What Freedom?

Photo Credits: Arnold Jeong ex-managing director, Quill
The recent attack on French satirical magazine Charlie Hebdo was, in words of the French President Francois Hallande as translated by BBC world radio a ”direct attack on freedom of press.” The killing of four very popular cartoonists including the editor in chief Stephane Charbonnier points out that the assault was carefully thought off, planned and sadly, well executed.

Press all over the world, national and multinational alike, have condemned the attack. One of the interviewee on the radio, who happened to be a journalist himself, called it “war on freedom of speech and on democracy”

He has a point.
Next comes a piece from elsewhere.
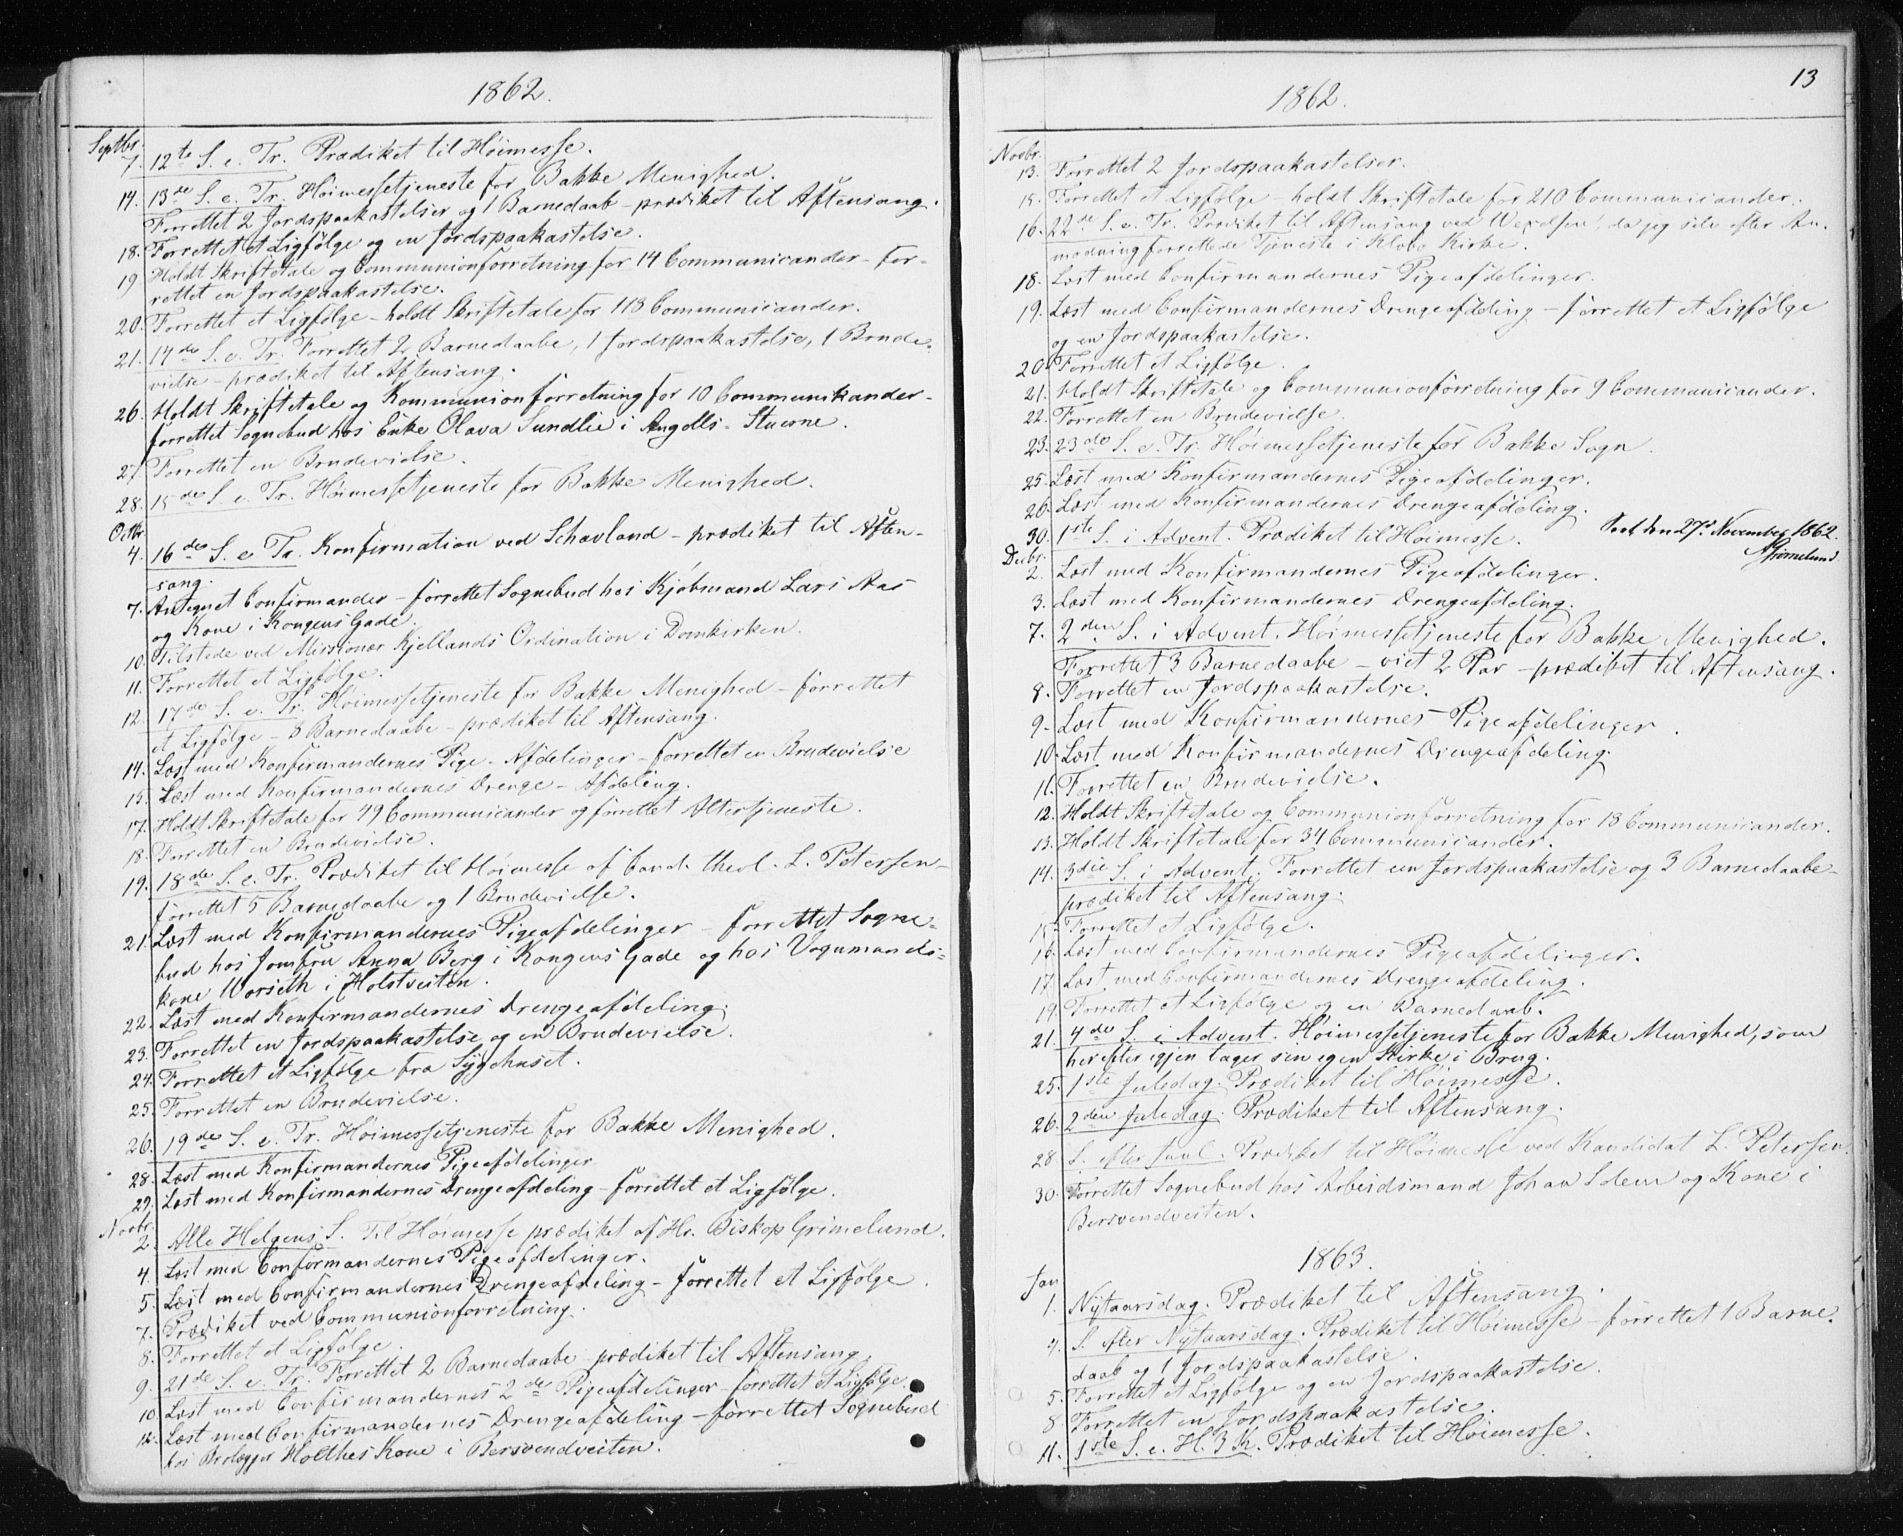 SAT, Ministerialprotokoller, klokkerbøker og fødselsregistre - Sør-Trøndelag, 601/L0053: Parish register (official) no. 601A21, 1857-1865, p. 13

The jihadists made that all too clear.

In the heat of the moment, it’s hard to think clear and be enraged how these “innocent” cartoonists were massacred at their own headquarters. However, if you step back and look at it, you might want to question if they were actually asking for it. The magazine and the cartoonists have been at the end of extremist’s rage a quite few times now and the presence of policemen guarding the magazines front door explains all too well that the cartoonists were under protection.

But then what’s a hand gun in front of an automatic?

While I am all up for freedom of speech and freedom of press and freedom of other sorts, the fact that press themselves have to state and restate that they have freedom shows insecurity in such belief. It is almost like someone who just blew up his own leg and kept telling himself that it’s OK when quite frankly, it’s not. Time and again and again it has been shown that freedom does come at a price.

Yes, people have the right to say what they want to say, publicize mockery of people and established, well-funded and armed fundamentalist institutions. Yes, they have the right make cartoons of stuff that are ultra-sensitive but what appalls me is why people cannot think sensibly for once. You do have the right to write and express and make cartoons of what you feel is correct but if the people who you intend to mock don’t have the sense of humor (and that they made that clear), what’s the f**king point?

Like how Einstein's clichéd quote put it, it’s insanity, isn’t it? Why do the stuff again and again and again and get yourself threatened when all you, in the end, want to do is lead a better life.

As a former student journalist, I condemn the act of terrorizing journalists for doing their job but I equally condemn the act of making fun of individuals or institutions who have absolutely no sense of humor.